The Default: Your Data Leaves Your Control

When you use a standard AI tool — ChatGPT, Claude, Gemini, or any of the dozens of industry-specific AI platforms — your data travels to a cloud server, is processed by the model, and a response is returned. The data exists, at least temporarily, on infrastructure you do not own and cannot inspect.

Most major providers now offer usage policies stating they do not train on your data (particularly on business and API tiers). That is a policy commitment. It is not an architectural guarantee. The data still travels to their servers. It still exists in memory during processing. The protection is a promise, not a mechanism.

For many business uses, this is perfectly acceptable. Drafting marketing copy, brainstorming product names, summarising public information — the data is not sensitive, and the convenience outweighs the risk.

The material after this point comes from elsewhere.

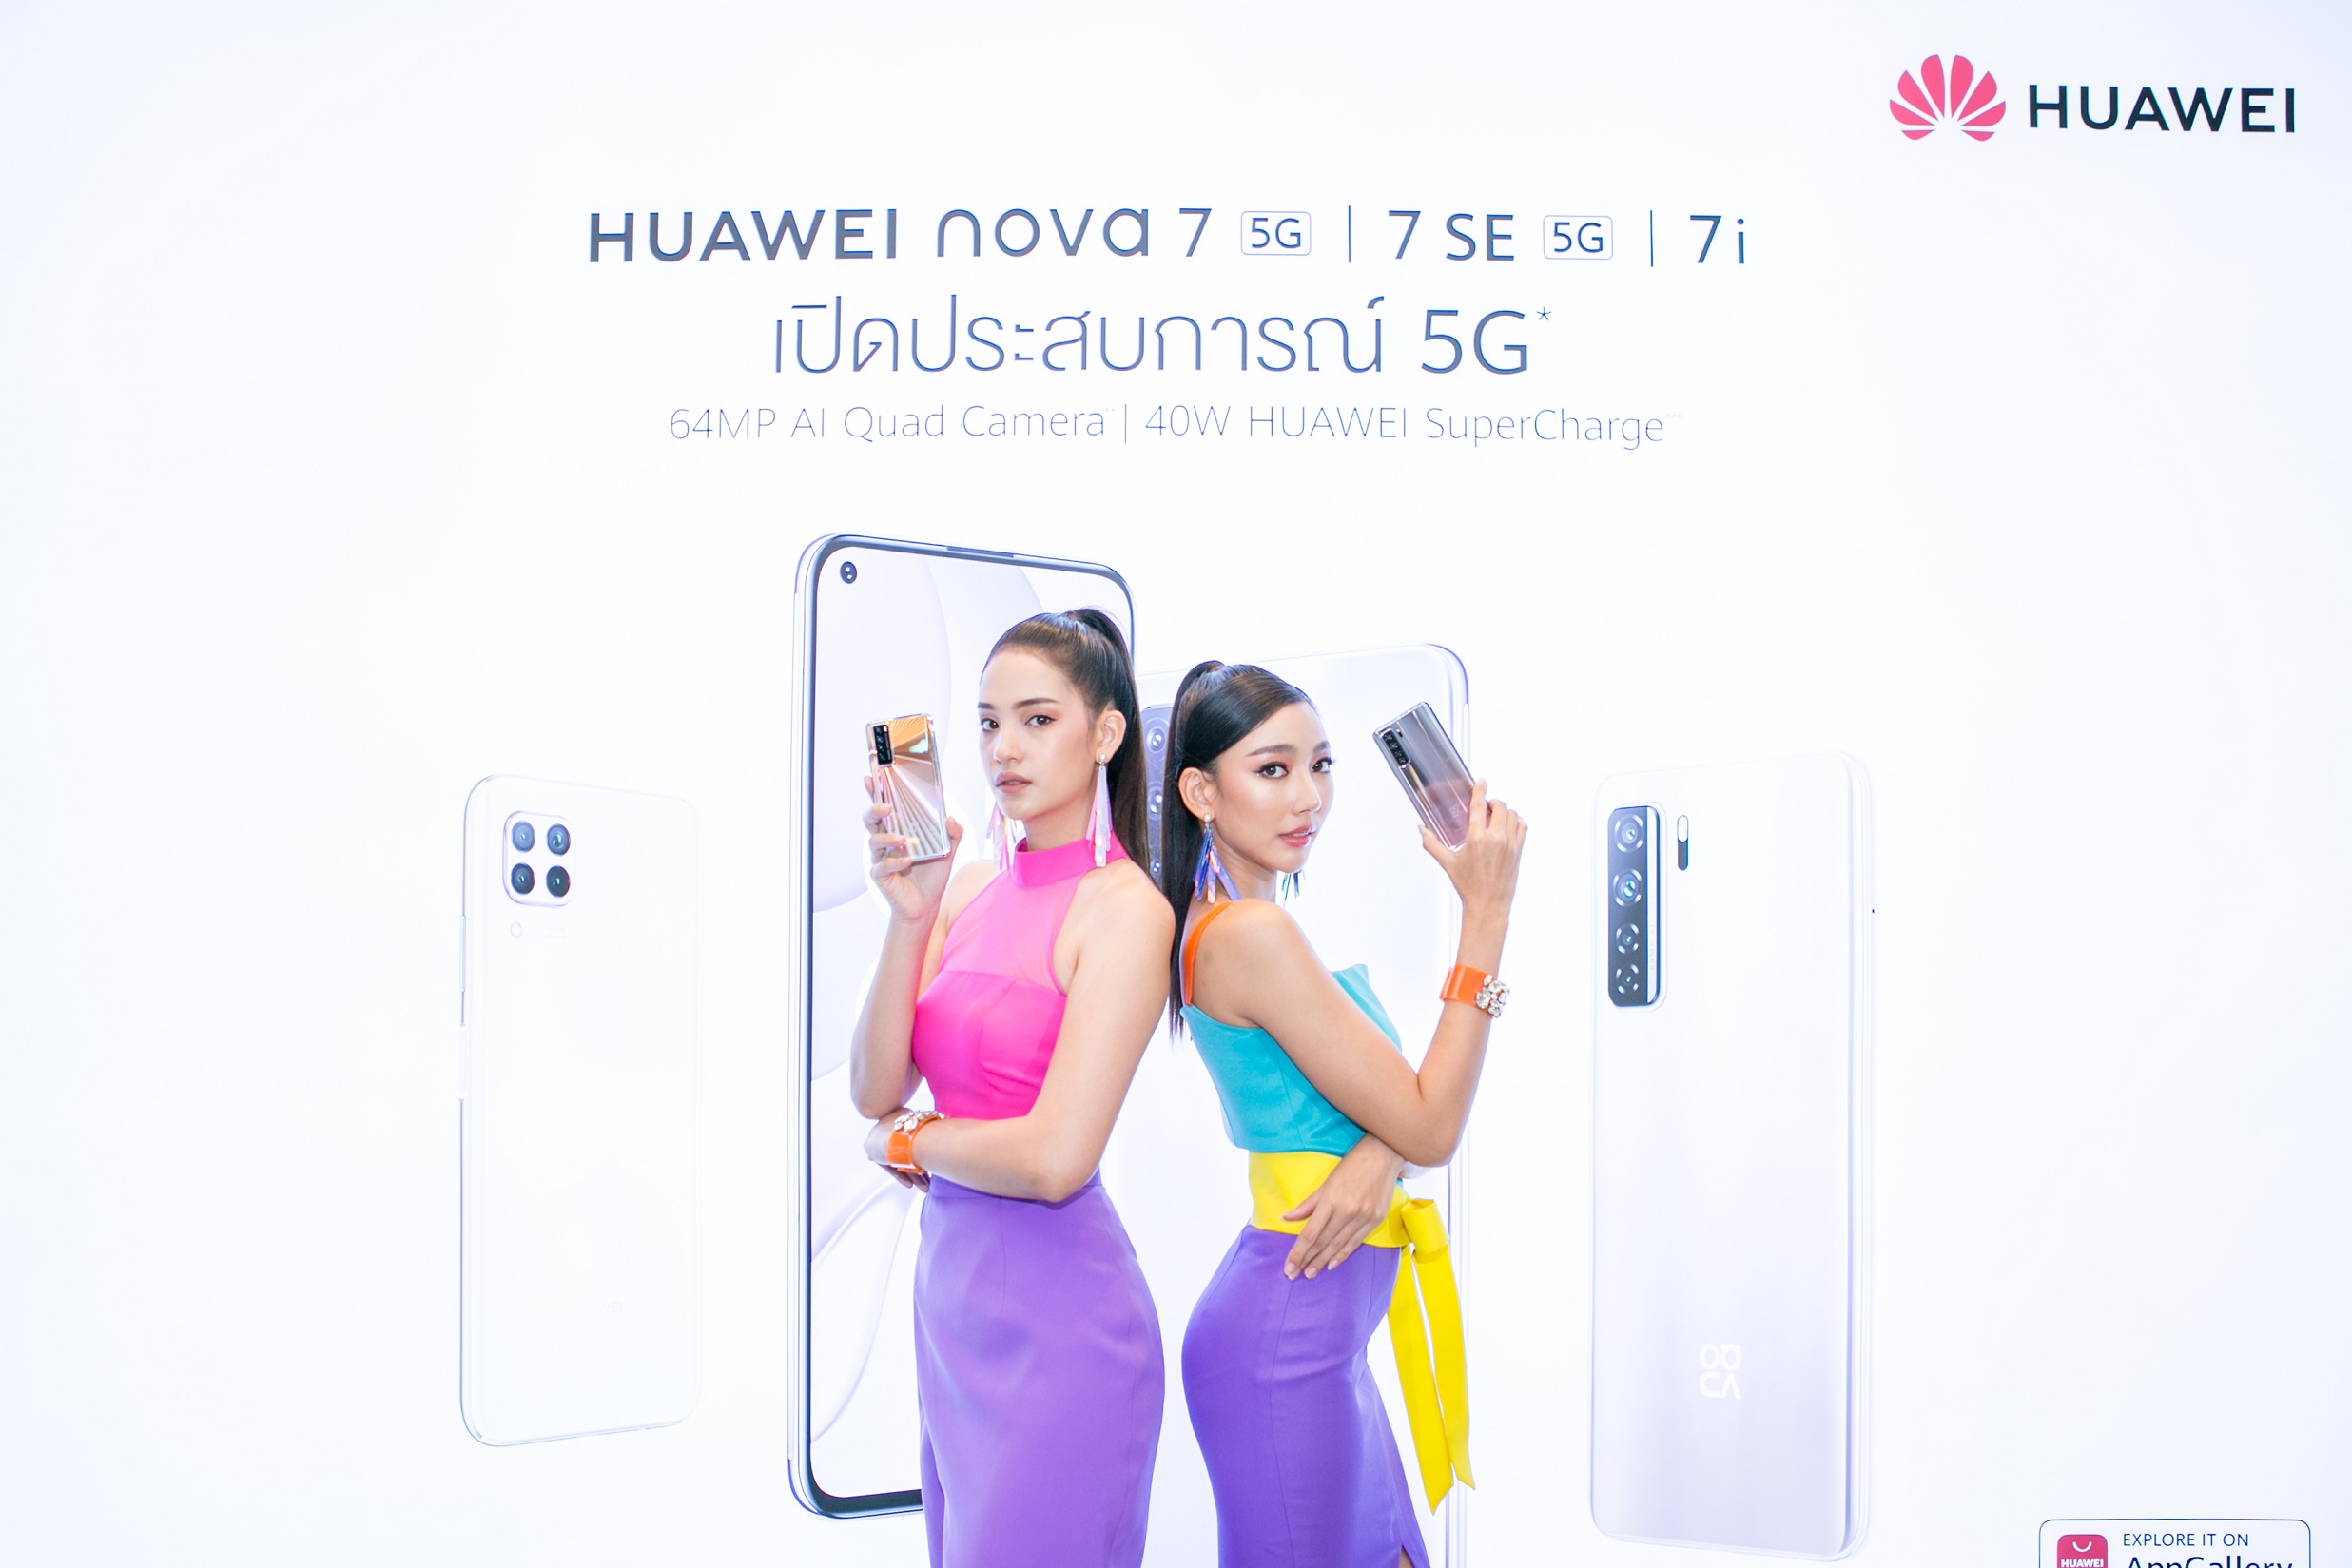 หัวเว่ยเปิดตัว HUAWEI nova 7 และ nova 7 SE สมาร์ทโฟน 5G รุ่นใหม่ จัดเต็มสเปคระดับท็อปและ 4 กล้องอัจฉริยะ

But the moment your AI workflow involves client data, employee records, financial details, health information, or legal documents, the calculus changes. A policy that says “we do not train on your data” does not answer the question that actually matters: who can access this data while it is being processed?


The Spectrum of AI Privacy

AI privacy is not binary. It exists on a spectrum, and understanding where a tool sits on that spectrum is essential before you send it anything sensitive.

Level 1: No Protection

The AI tool processes your data on shared cloud infrastructure. Your data may be logged, stored, or used for model improvement. This is the default for free-tier consumer AI tools. It is not appropriate for any business data you would not publish on your website.

Level 2: Policy Protection

The provider commits — through terms of service or a data processing agreement — not to store, log, or train on your data. Enterprise tiers of major AI providers typically offer this. The protection is contractual. The data still travels to and is processed on their infrastructure, but you have a legal commitment regarding how it is handled.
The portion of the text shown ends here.